Why is a thumbs-down WITH a correction the most valuable record? Because it gives you both halves: proof the agent was wrong (a regression eval case to guard against it) and the right answer (a corrected training example to fix it). One record improves both evals and the model.
Why can't you auto-label a thumbs-down with no correction? You know the answer was bad but not what "good" looks like. Guessing the expected answer would put wrong labels into your data and poison both evals and training. Route it to a human instead.

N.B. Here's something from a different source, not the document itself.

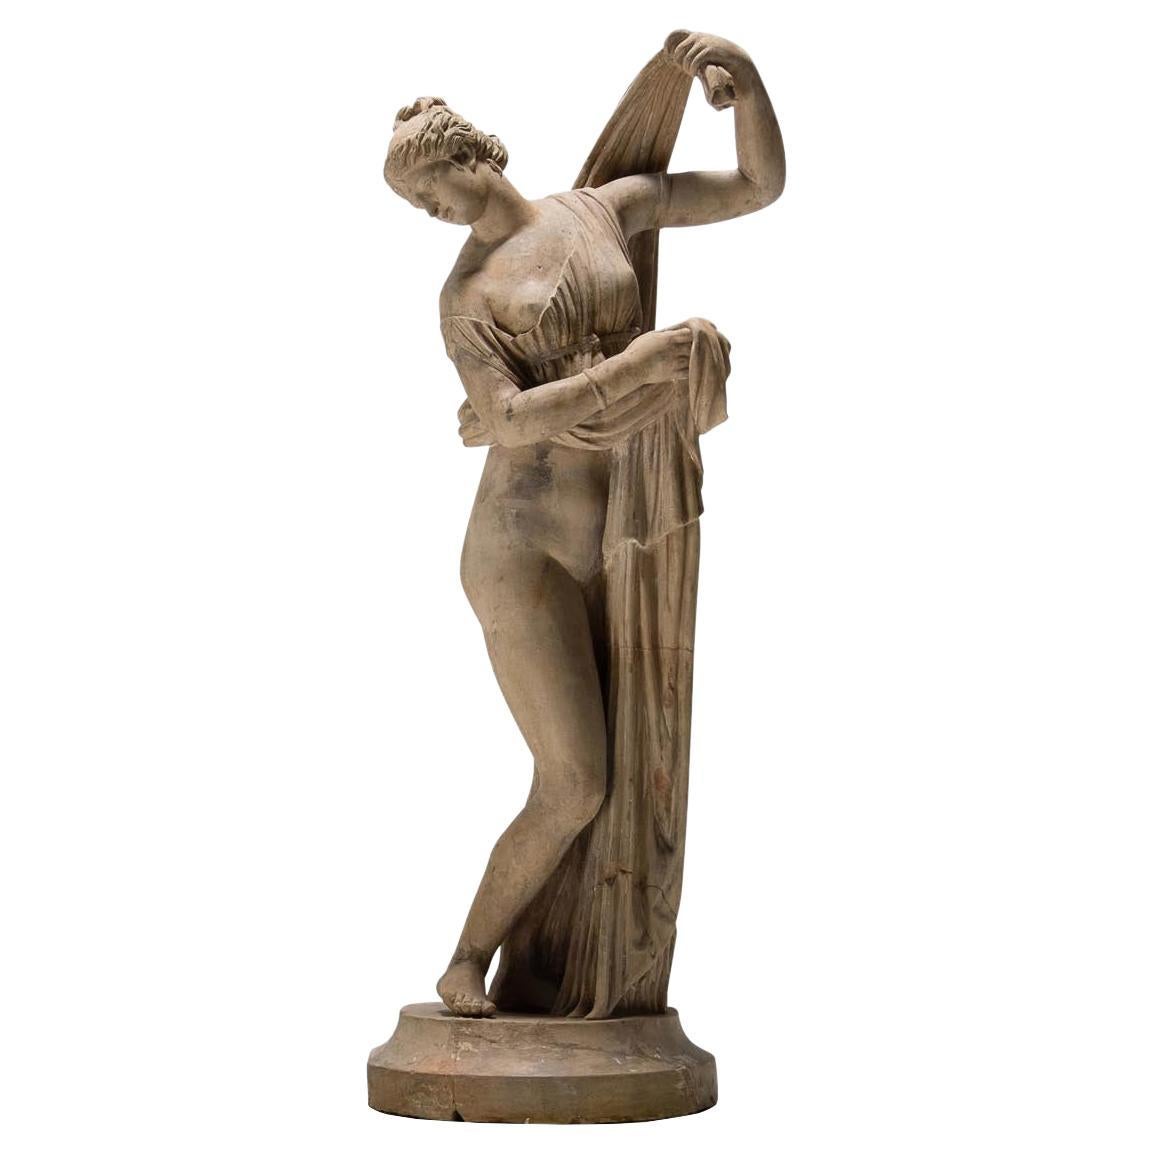 Venus Kallipygos, Venus Callipyge, Aphrodite Kallipygos, ancient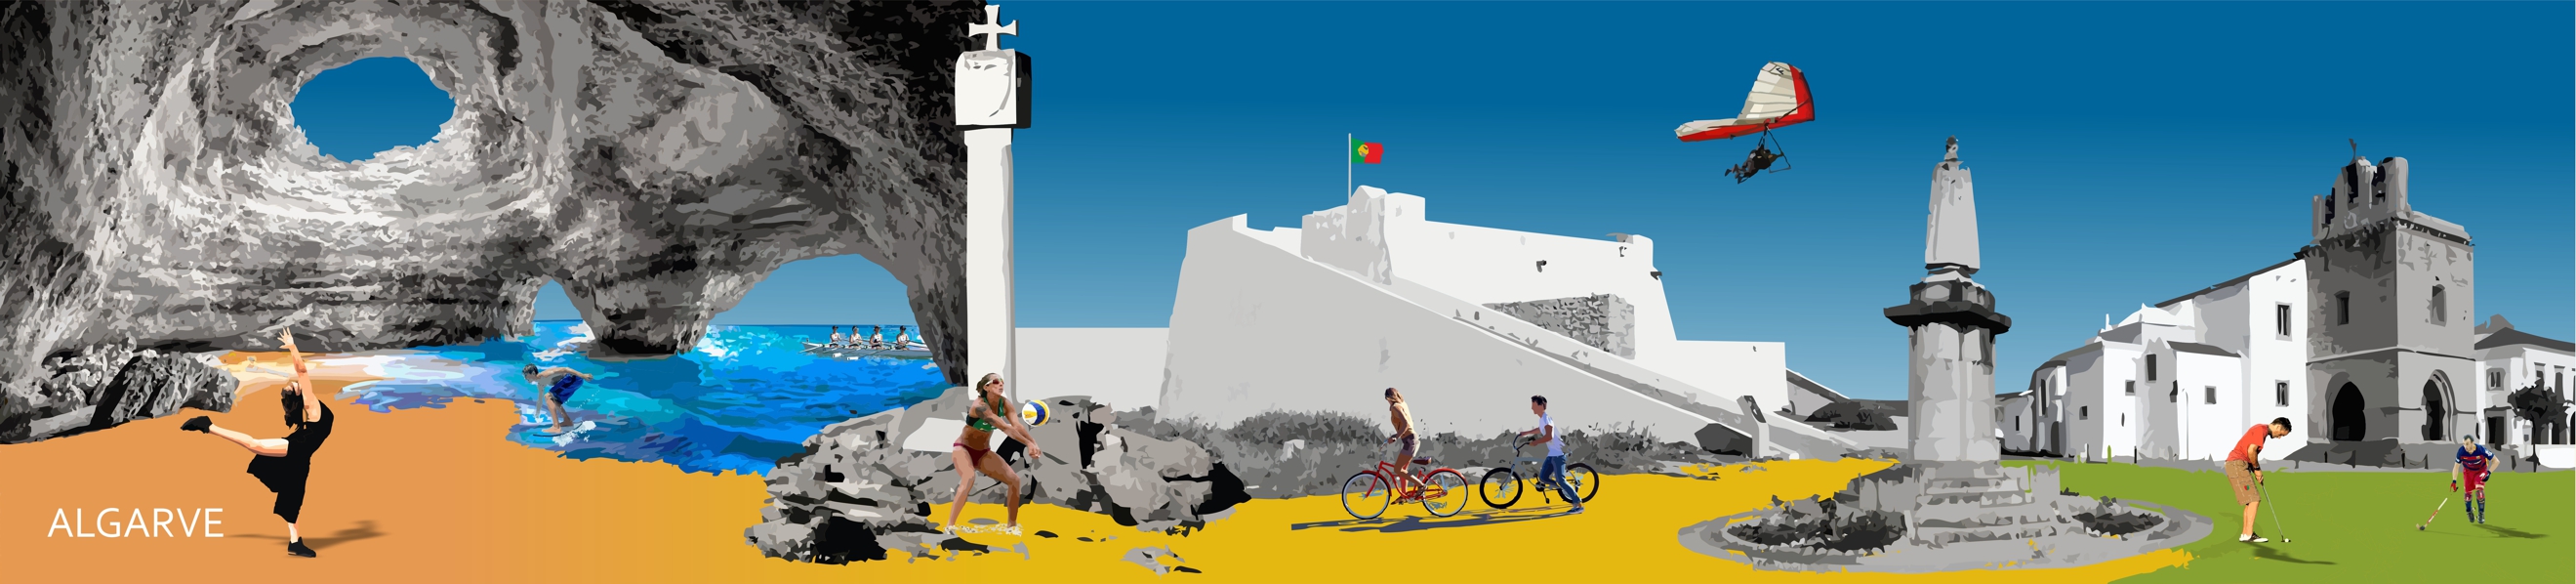 Ilustração de locais característicos da região do Algarve com jovens em atividade nesses diferentes locais: a dançar, a andar de bicicleta, a jogar voleibol, golfe, bodyboard..

What must happen before any interaction is stored? PII redaction (M14): strip emails, phone numbers, and other identifiers at write time, minimize what you keep, get consent, and never store secrets. Feedback data is data you are now responsible for.
Why is curation (not just collection) the real work? Raw logs are noisy and biased. You must dedupe, filter low quality, balance common vs rare cases, and review ambiguous signals. Garbage in, garbage out, especially for fine-tuning, where a sloppy dataset makes a worse model.